Recorded data
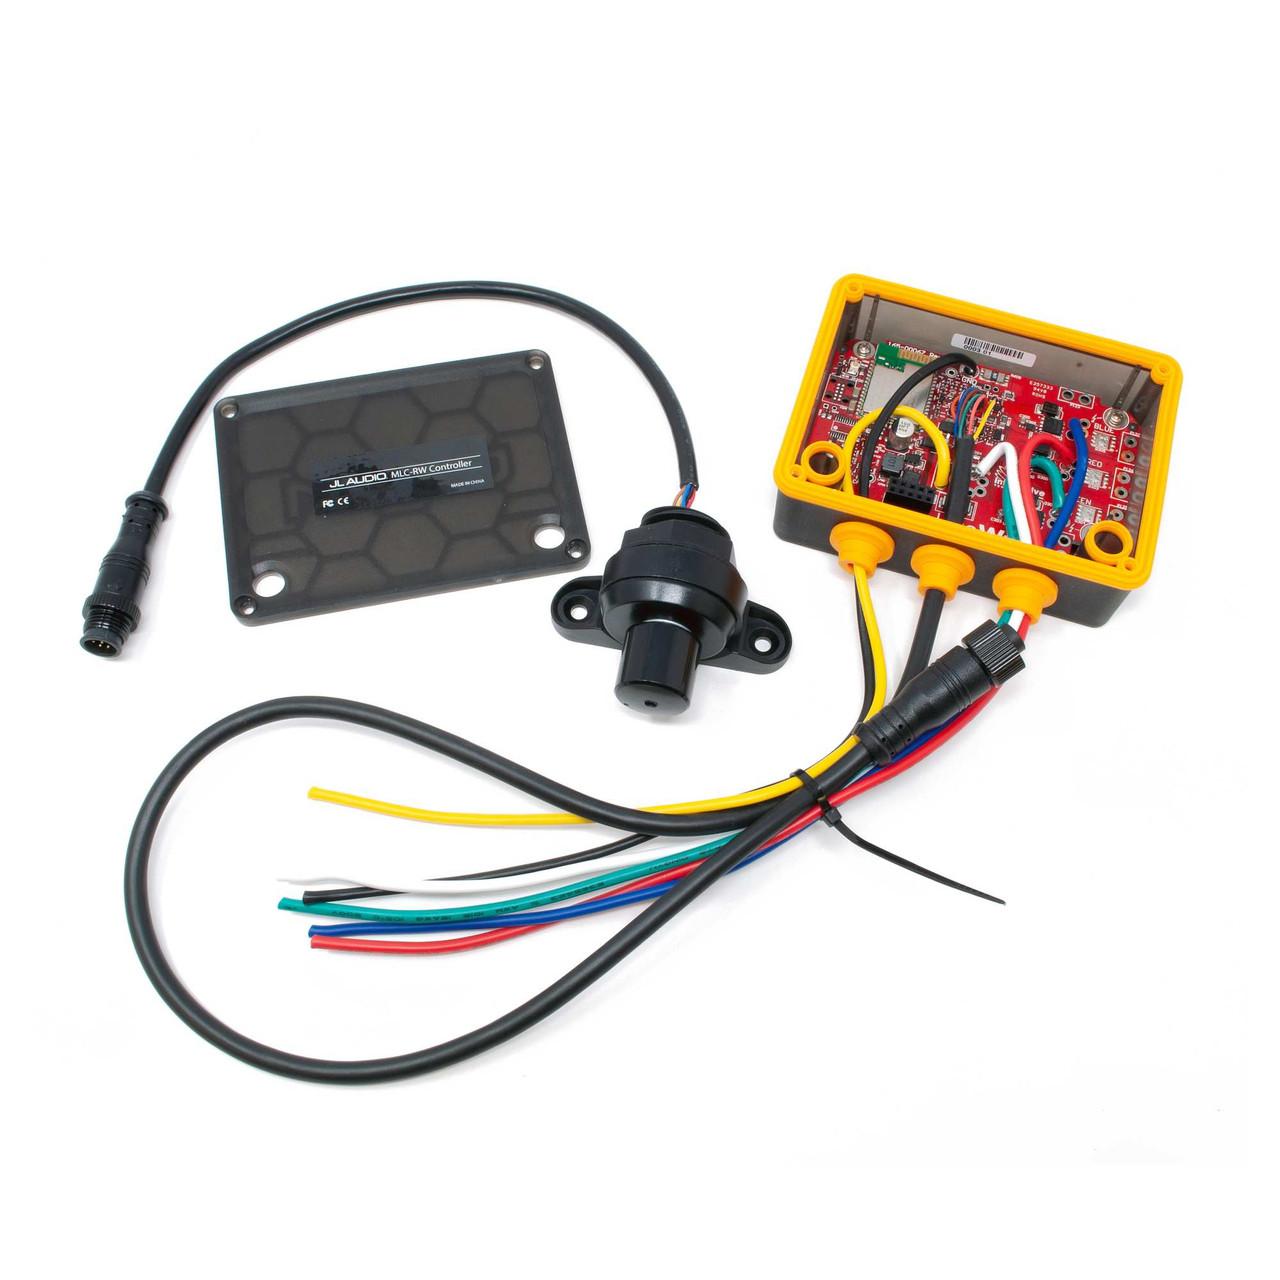 jl audio mlc rw marine led lighting controller with wifi [ 1280 x 1280 Pixel ]
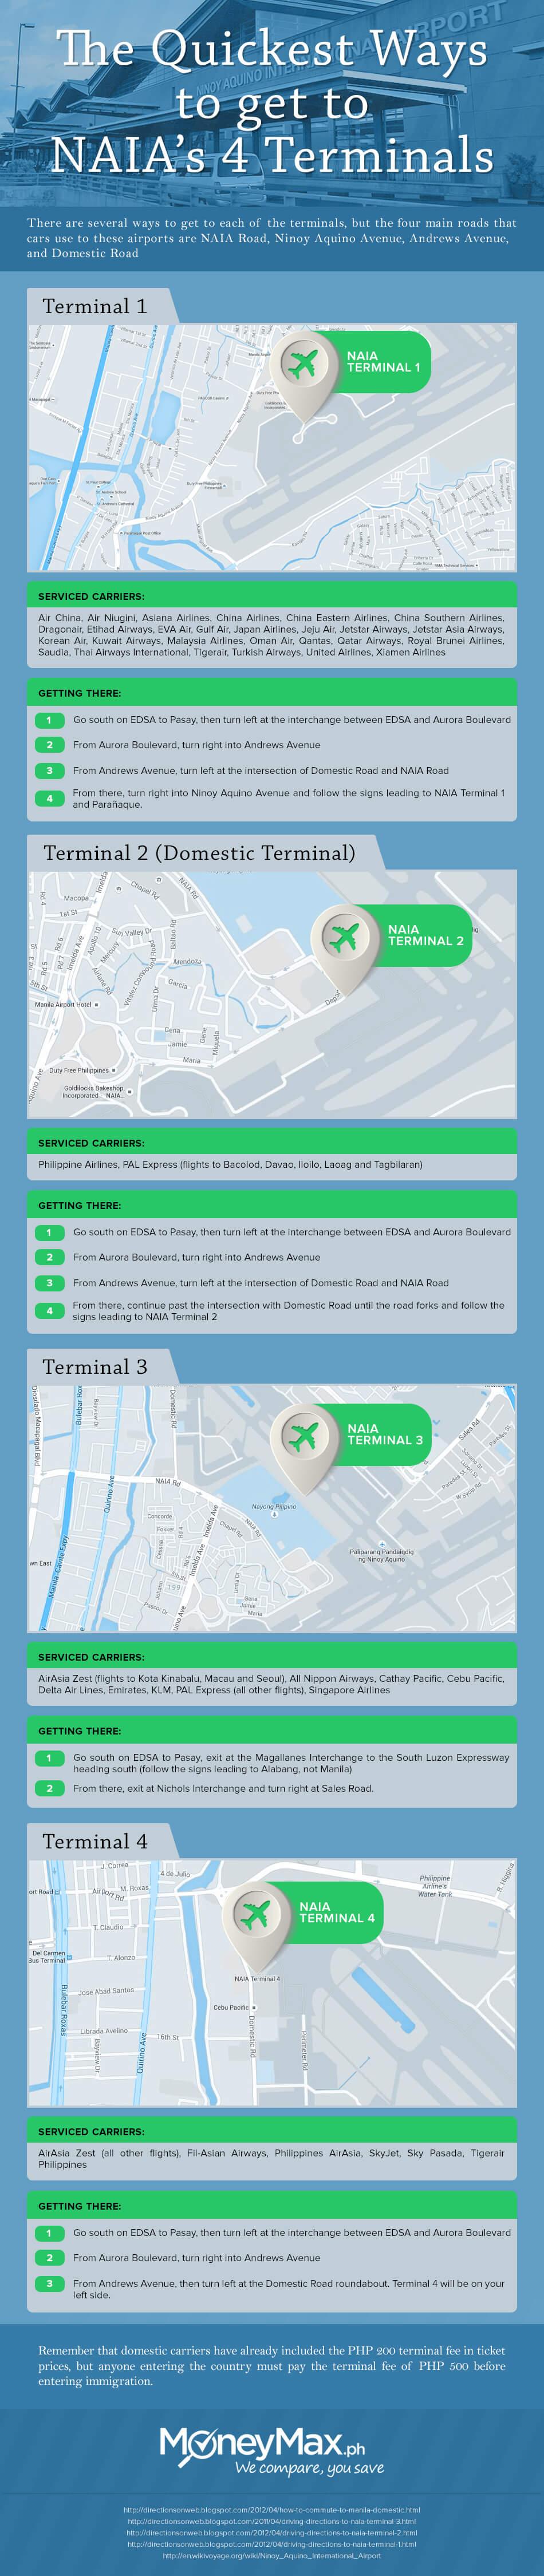 Quickest Ways to get to NAIA Terminals Infogprahic
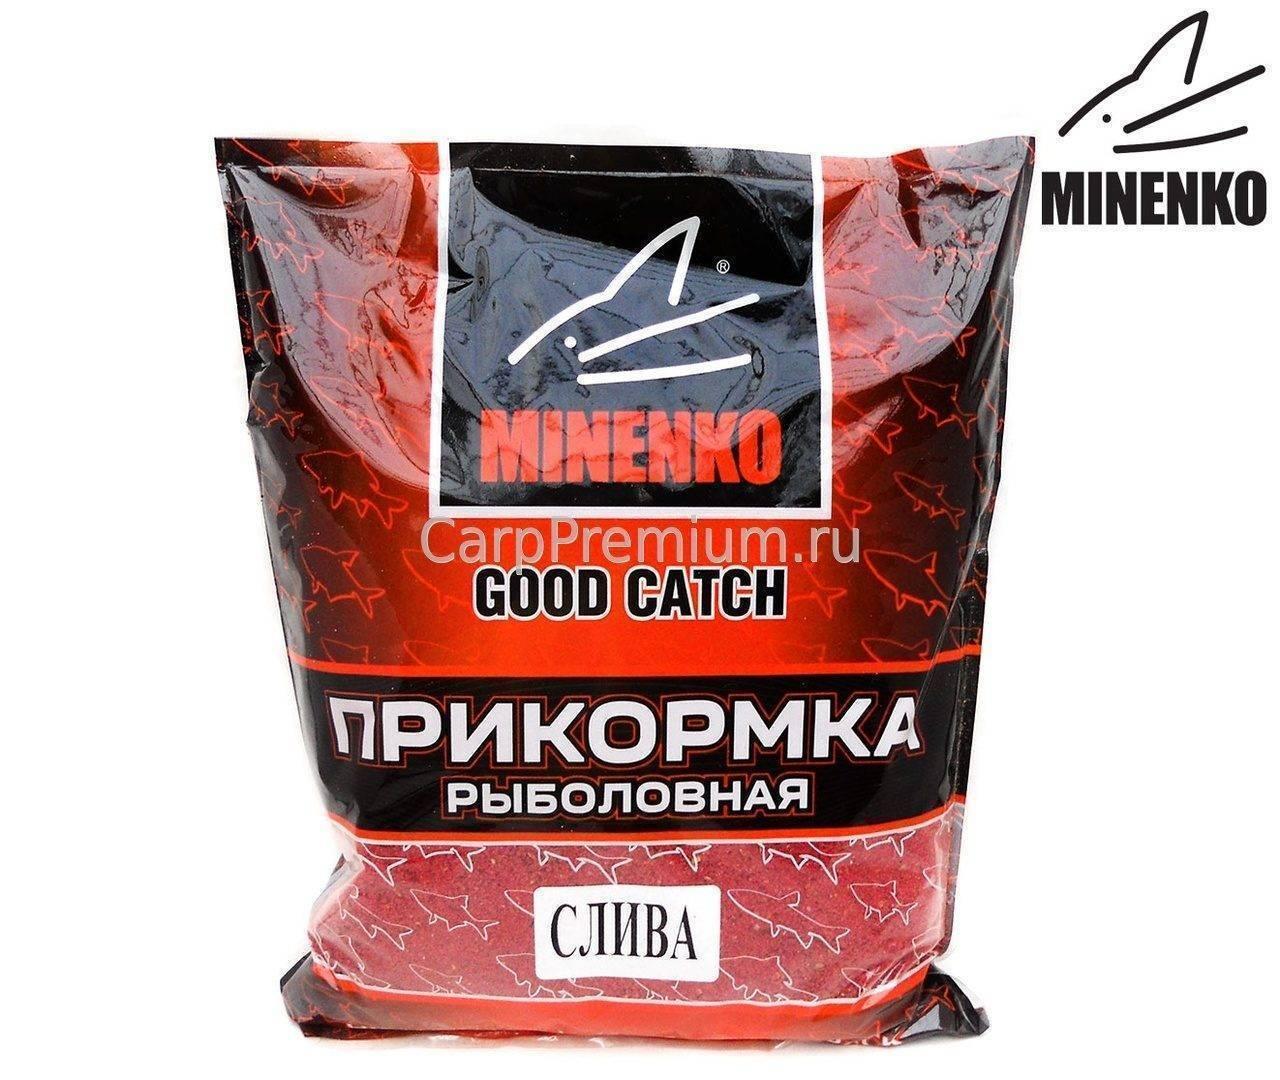 Прикормки minenko
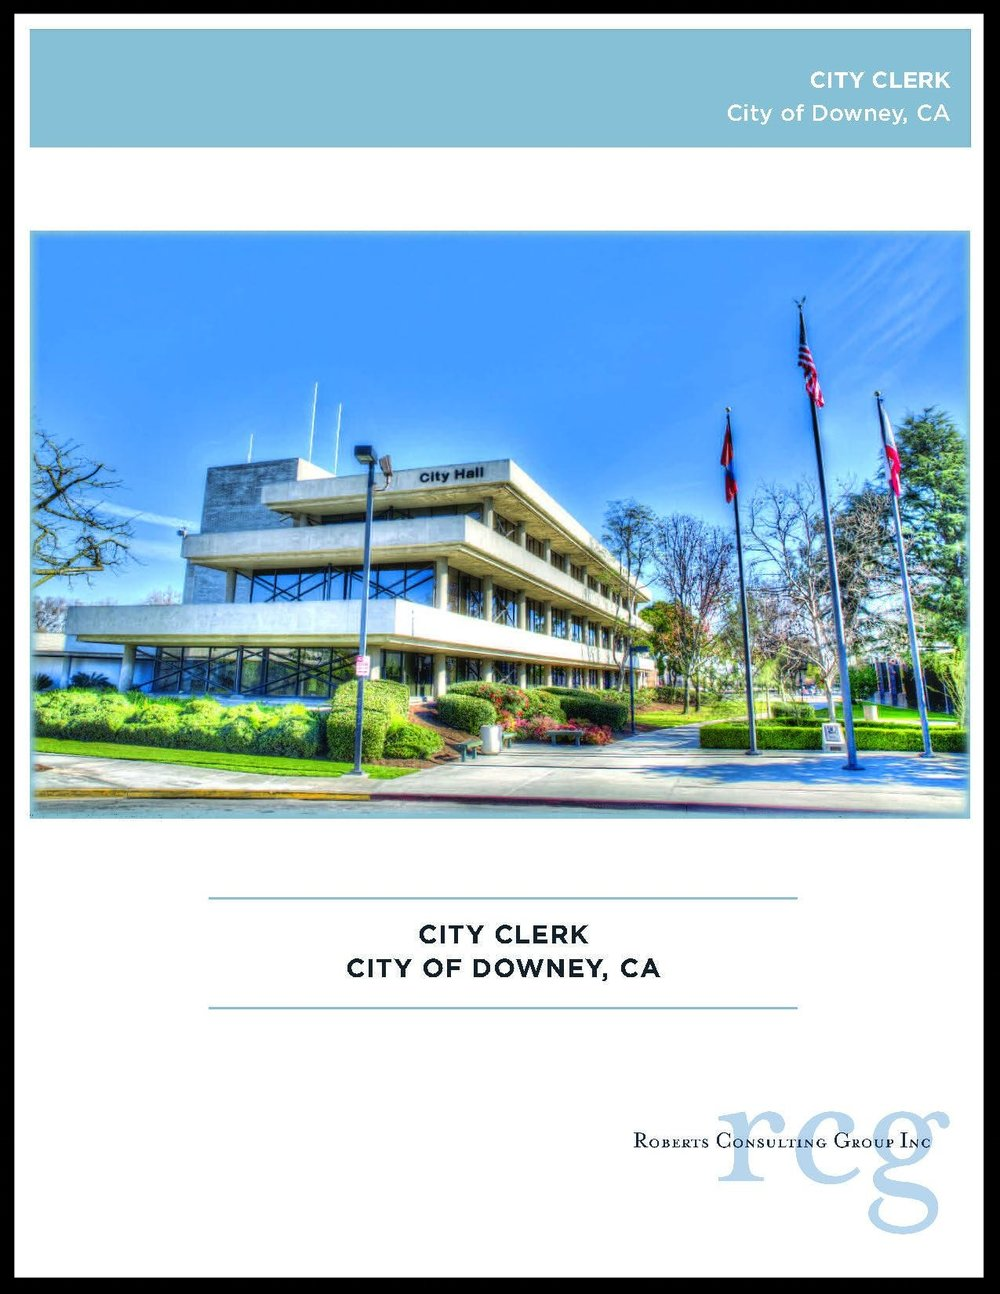 rcg_Downey_CityClerk_brochure_cover.jpg
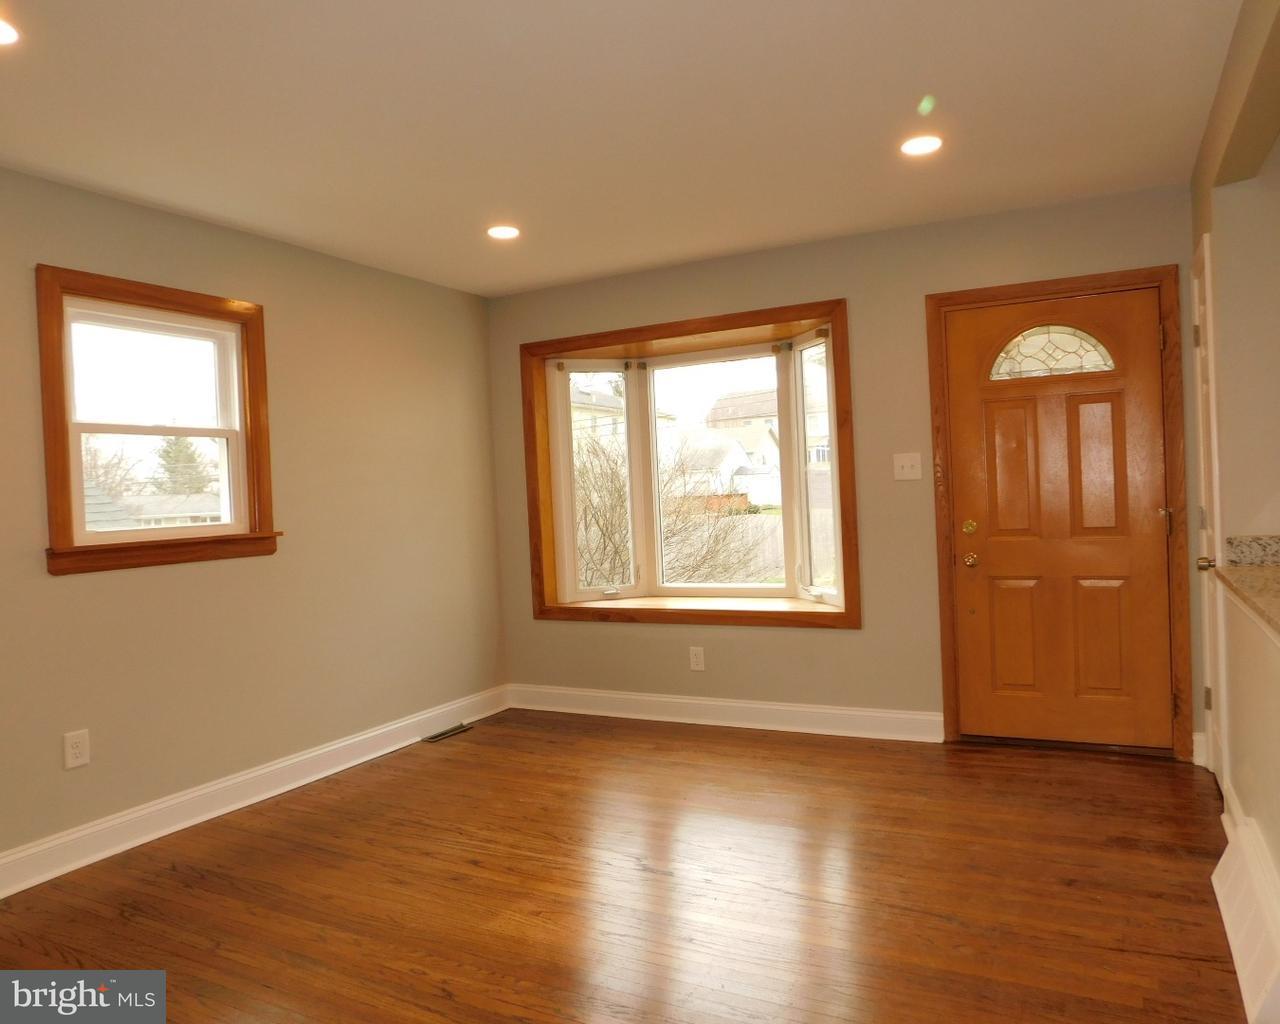 205 CEDAR RD, WALLINGFORD - Listed at $249,900, WALLINGFORD
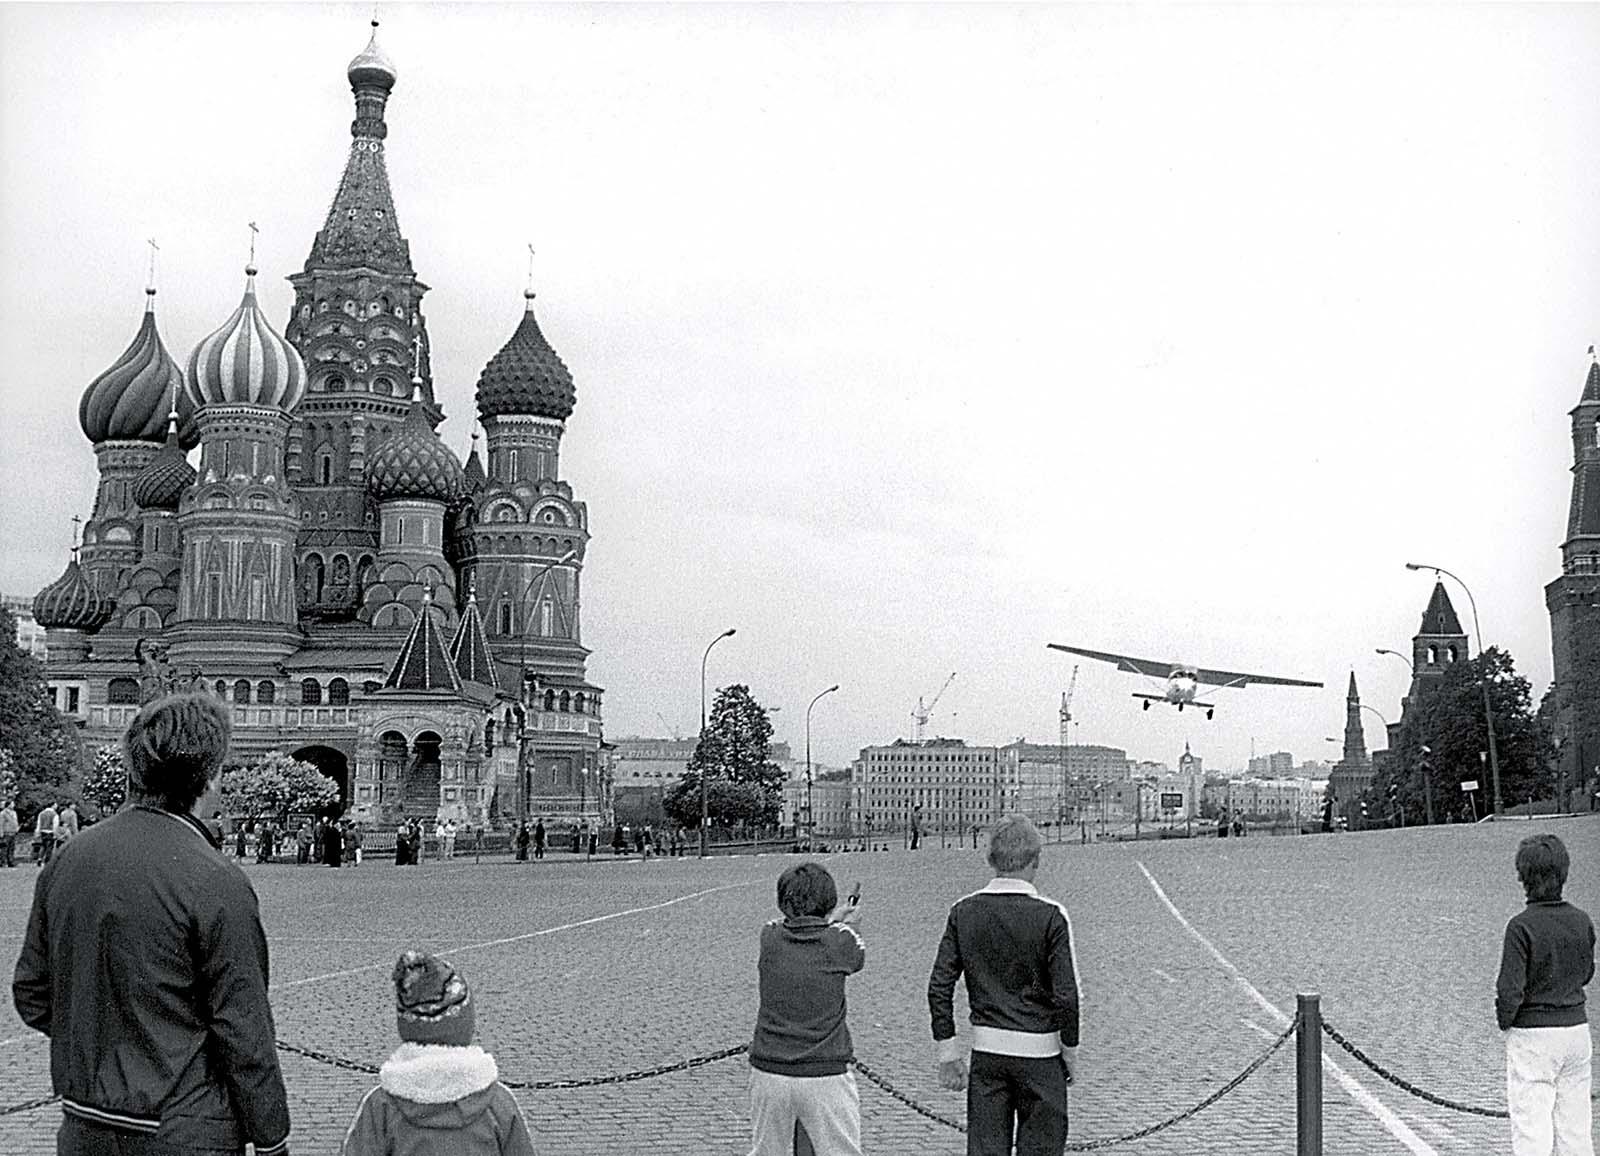 Rustovo ppristátie náhodou zachytil jeden z turistov. (Foto: archív)

**Task objective**.
Please give a word-for-word transcript of the lines from the one holding "Quickest Ways to" through the final line of the entries, both ends kept, with no pictures.

**Result for this task**.
 Quickest Ways to get to NAIA Terminals Infogprahic
 Прикормки minenko
 rcg_Downey_CityClerk_brochure_cover.jpg
 205 CEDAR RD, WALLINGFORD - Listed at $249,900, WALLINGFORD
 Rustovo ppristátie náhodou zachytil jeden z turistov. (Foto: archív)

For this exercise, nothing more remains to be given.